Cliff Eberhardt,
500 Miles: The Blue Rock Sessions
(Red House, 2009)

Willy Porter,
How to Rob a Bank
(Weasel, 2009)


Singer-songwriters keep on chuggin' along into the 21st century. Though "singer-songwriter" as a genre got its name in the mid-1960s, performers who sang mostly their own material date at least to the 1920s. Probably not too many observers would cite Blind Alfred Reed as a pioneer of the genre, but unlike just about anybody else, one of his songs -- "How Can a Poor Man Stand Such Times & Live?" -- is still sung and recorded, most recently by no less than Bruce Springsteen. With the rarest of exceptions, songs by singer-songwriters get sung only by the songwriters. Too many have no business writing songs at all.

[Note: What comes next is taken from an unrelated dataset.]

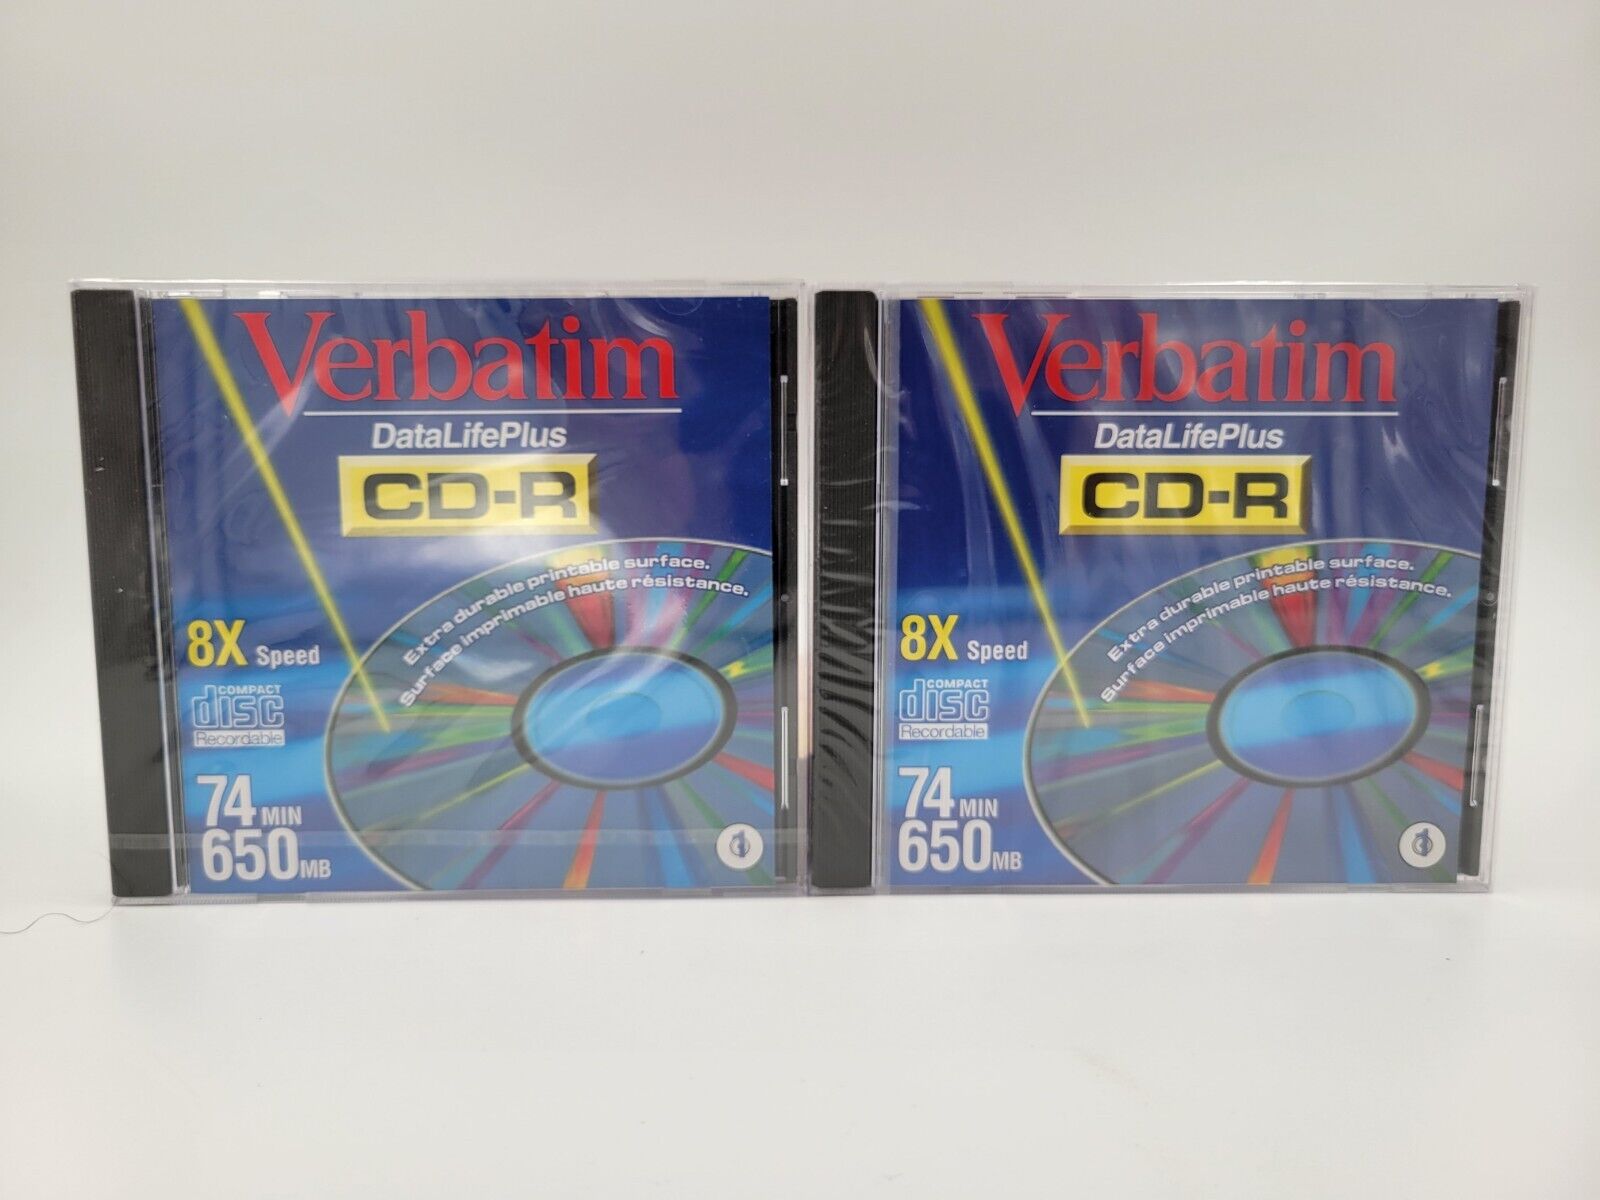  VERBATIM DATA LIFE PLUS CD-R 650 MB 8X SPEED BRAND NEW Factory Sealed Lot Of 2

Guitarist Willy Porter is a music veteran and a pro, and How to Rob a Bank is a slick pop record that, if you didn't look at the credits, you'd swear was recorded in Los Angeles. It turns out, however, to have been cut and mixed in Milwaukee. From occasional references one gets the sense that Porter knows something of folk music -- "How to Rob a Bank," about corrupt capitalism today, expresses sentiments articulated by Woody Guthrie with comparably rueful humor -- but mostly, the intended audience seems to be listeners to adult pop radio. Porter is good at what he does, which is to integrate pop with rock and smooth jazz, to sing and play tunefully, and to fashion vocals out of a wistful high tenor.

To my ears, if perhaps not to yours if you are more attuned to modern pop than I am, the effect is generic. It's the sort of thing I am more used to hearing at my local supermarket than anything I am accustomed to listening to at home. It's certainly not for me, which is not to say that -- if you don't demand something raw in your musical stew -- it couldn't be for you.

Cliff Eberhardt's 500 Miles is sparingly and lovingly produced in a studio in Wimberley, Texas, though Eberhardt is ordinarily placed in the ranks of New York City's singer-songwriters. On the other hand, his last album, The High Above & the Down Below (which I reviewed here on 1 December 2007), was recorded in the Twin Cities. That CD was suffused with a late-night piano-jazz ambience, whereas 500 Miles is guitars, stand-up bass and drums, the stuff of acoustic folk-rock. But like its predecessor, it's moody, Eberhardt glumly ruminating on love's fortunes, mostly bad. As promised in the promotional material, it's "a deeply personal album," though why anybody would think that is a recommendation is beyond me.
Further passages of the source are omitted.